Akşama doğru ormandan dönüyorlardı. Bir ay boyunca çıkan orman yangınlarında alevlerle savaşırken bitkin düşmüşlerdi.
Yine 29 Eylül günü Urla’nın Balıklıova Mahallesi’nden bir yangın ihbarı aldılar.
Bu anı DHA İzmir Muhabiri şöyle anlatıyor:
“Saat 19.00 sıralarında gelen ihbar üzerine bölgeye hareket eden orman ekipleri, gece sabaha kadar mücadele etti ve yangını kontrol altına alıp söndürdü. Ertesi gün bölgede soğutma çalışmaları yapıldı. 17 hektar ağaçlık, 3 hektar da tarım arazisinin zarar gördüğü yangınla gece boyu mücadele eden orman ekipleri dönüşümlü olarak dinlendiği alana geldiklerinde...”
VE İŞTE O SAHNE
Üzerlerine sinen o yanık kokusu, yüzlerindeki kül rengiyle dinlenme alanına geldiler.
Ağaçların bittiği yerdeki tahta masaya oturduklarında gördüler.
Bir gül demeti ve altında bir zarf...
Ne olabilirdi ki...
O sırada Orman İşletme Müdürü Mehmet Bey geldi.
“Müdürüm masada bir zarf bulduk...”
“Açtınız mı?”
“Vallahi şimdi bulduk.
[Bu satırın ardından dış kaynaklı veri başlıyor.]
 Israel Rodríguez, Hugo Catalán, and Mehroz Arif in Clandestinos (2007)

Üzerinde de güller vardı. Buyurun siz açın.”
Mehmet Bey zarfı açıp okumaya başlar...
MÜDÜR BAŞINI MEKTUPTAN KALDIRAMAZ
Tek sayfalık mektubu bir çırpıda okur. Ama bir türlü mektuptan başını kaldıramaz.
Ormancılar sorar:
“Ne oldu müdürüm. Kötü haber mi? Ne yazıyor?”
Mehmet Bey başını hafifçe kaldırdığında yanağından bir iki damla yaş süzülür...
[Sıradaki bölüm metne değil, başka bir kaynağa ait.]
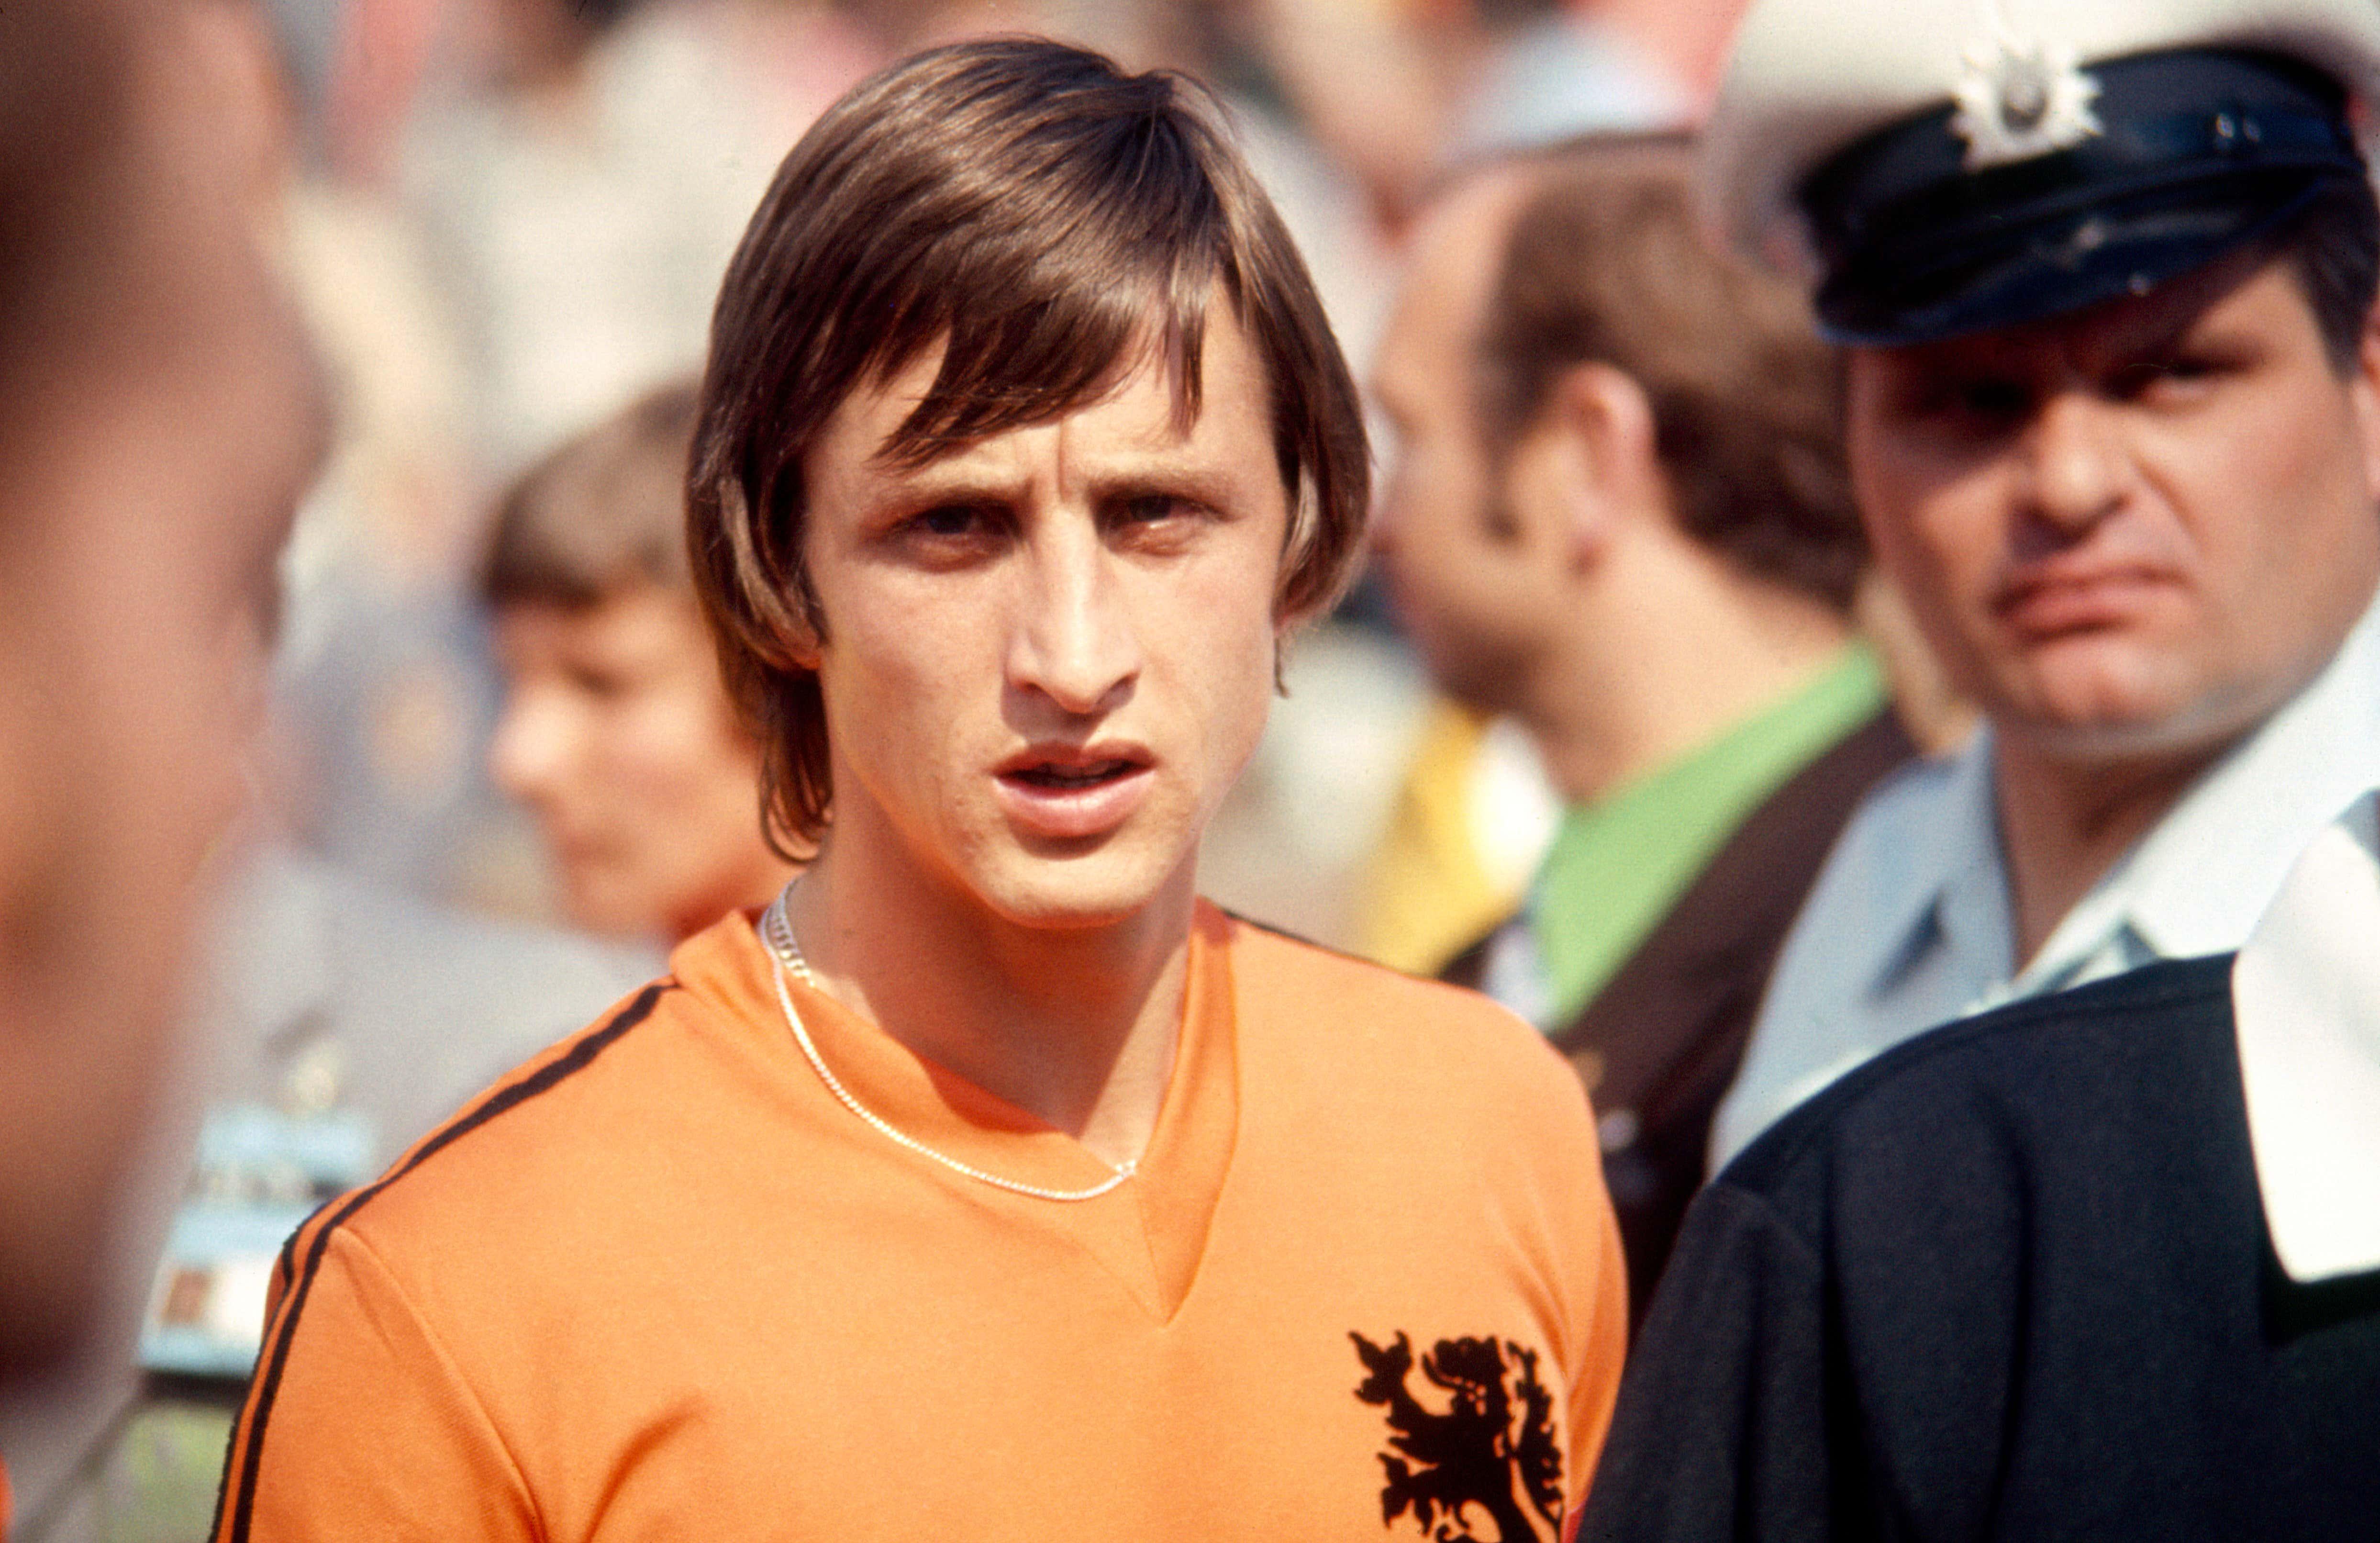 Total Football: Mimpi Sepakbola Murni Sang Legenda Sepakbola Johan Cruyff

“Çocuklar öyle bir mektup ki bu...” der ve titreyen bir sesle okumaya başlar:
“Değerli Ormancı kardeşlerim,
Köyümüzde oturan bir insan olarak, bu yaz çıkan yangınlardaki başarılı mücadelenizi gözümüz yaşlı olarak izledik.
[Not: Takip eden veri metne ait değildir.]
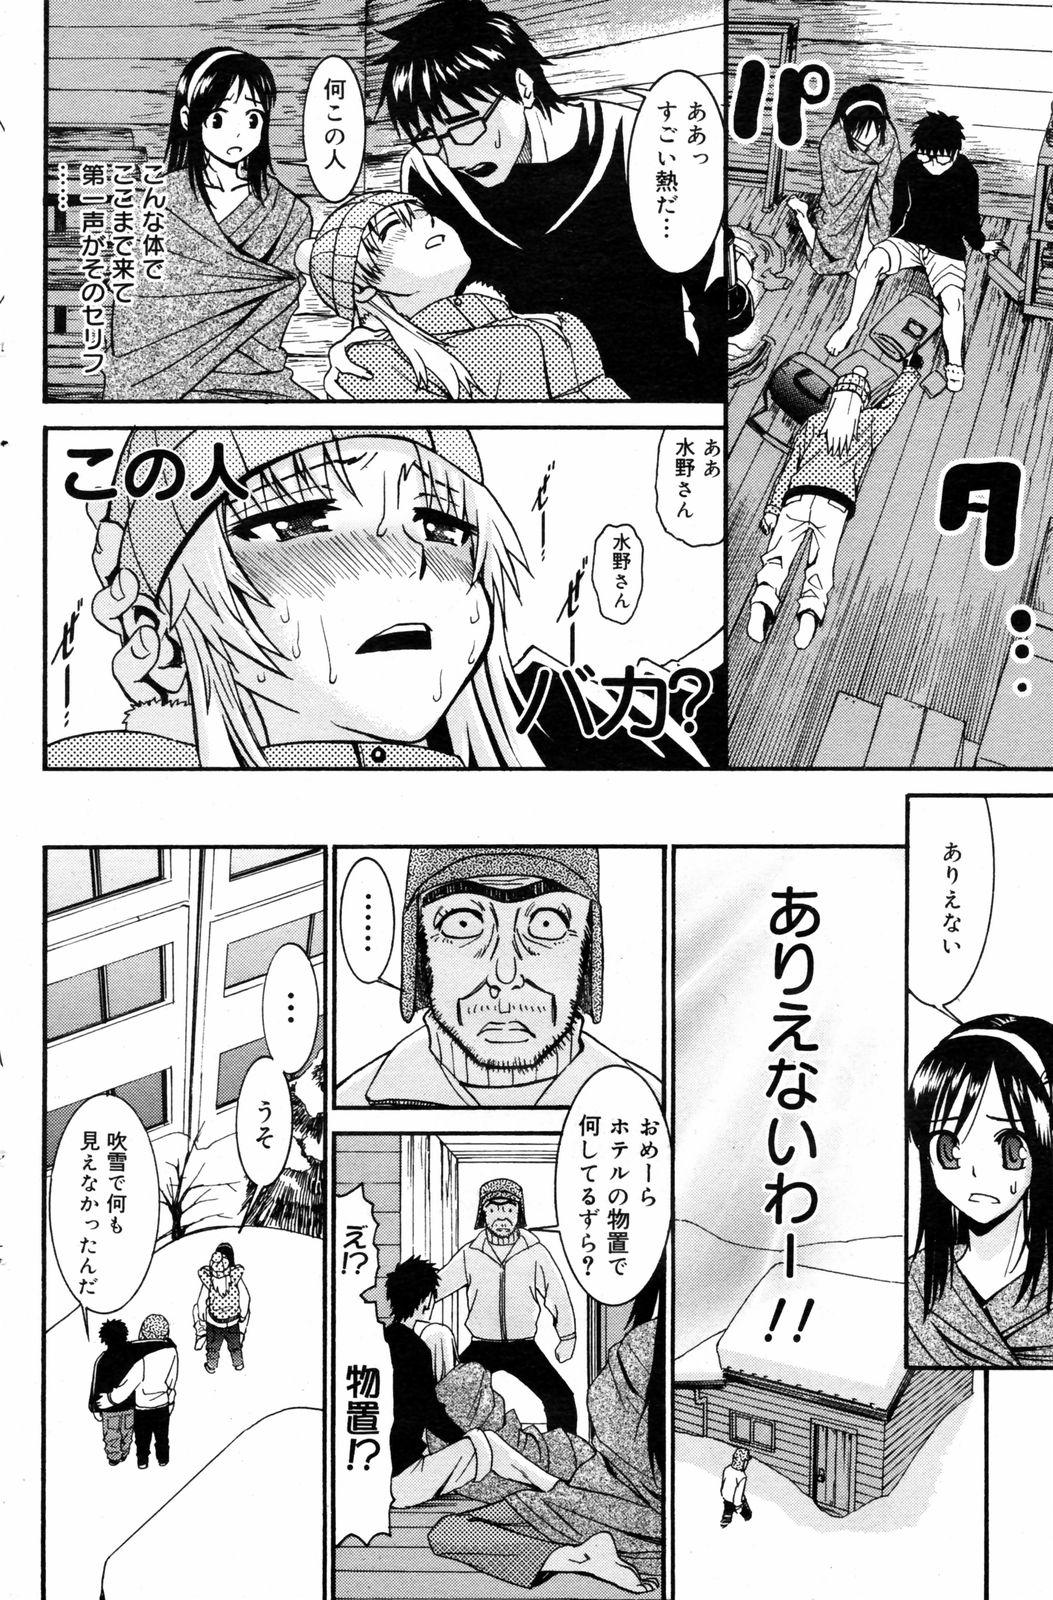 Manga Bangaichi 2008-03 145

Özellikle dün akşam bütün şartların olumsuz olduğu (karanlık, rüzgâr, kuru yerler ve gece olması hasebiyle hava desteğinin olmaması) yangında göstermiş olduğunuz üstün başarı bizi çok duygulandırdı...
Sizleri tebrik ediyor ve sizler için şu duayı ediyorum:
Allah ayağınıza taş değdirmesin ve bu dünyada ateşle hemhal ediyor, öbür dünyada sizleri ve ailelerinize ateşlerden korusun...
İnşallah yaptıklarınızın karşılığını hesap-kitap yapılmadan cennet olarak versin...
Hayatınızda hep güzellikler olsun...
Kutsal meslek erbapları...
Bir vatandaş...”
Mektubu dinleyen ormancılar da oturdukları yerde öylece kalırlar. Gaziemir Orman İşletme Müdürü Mehmet Çaprazlı o kadar duygulanmıştır ki...
Gaziemir’den Urla’ya kadar çıkan o yangınlar gelir gözlerinin önüne.
Dün gece yaşanan o cehennem...
Patlayıp kor halinde kurşun gibi fırlayan kozalaklar... Orman canlılarının canhıraş bağırışları. Kanatları tutuşmuş kuşlar... Ve alevlerin gönderdiği o cehennem gibi rüzgâr... Koca çınarların çatırtılarla kavruluşu... Elde kazma-kürek, elde ne varsa o cehennemle savaşan ormancılar...
Belli ki yakın bir köyden birileri ormanlarını kurtaran bu kahramanları izlemişler. Ellerinden geldiğince yardım etmişler.
Ve ertesi gün bu mektubu bırakmışlar.
Beni mektup kadar etkileyen diğer şey de mektubun üzerine bırakılan bir demet güldür.
Bu nasıl bir duygu yüküdür? Nasıl bir nezakettir ve nasıl bir doğa mirasıdır...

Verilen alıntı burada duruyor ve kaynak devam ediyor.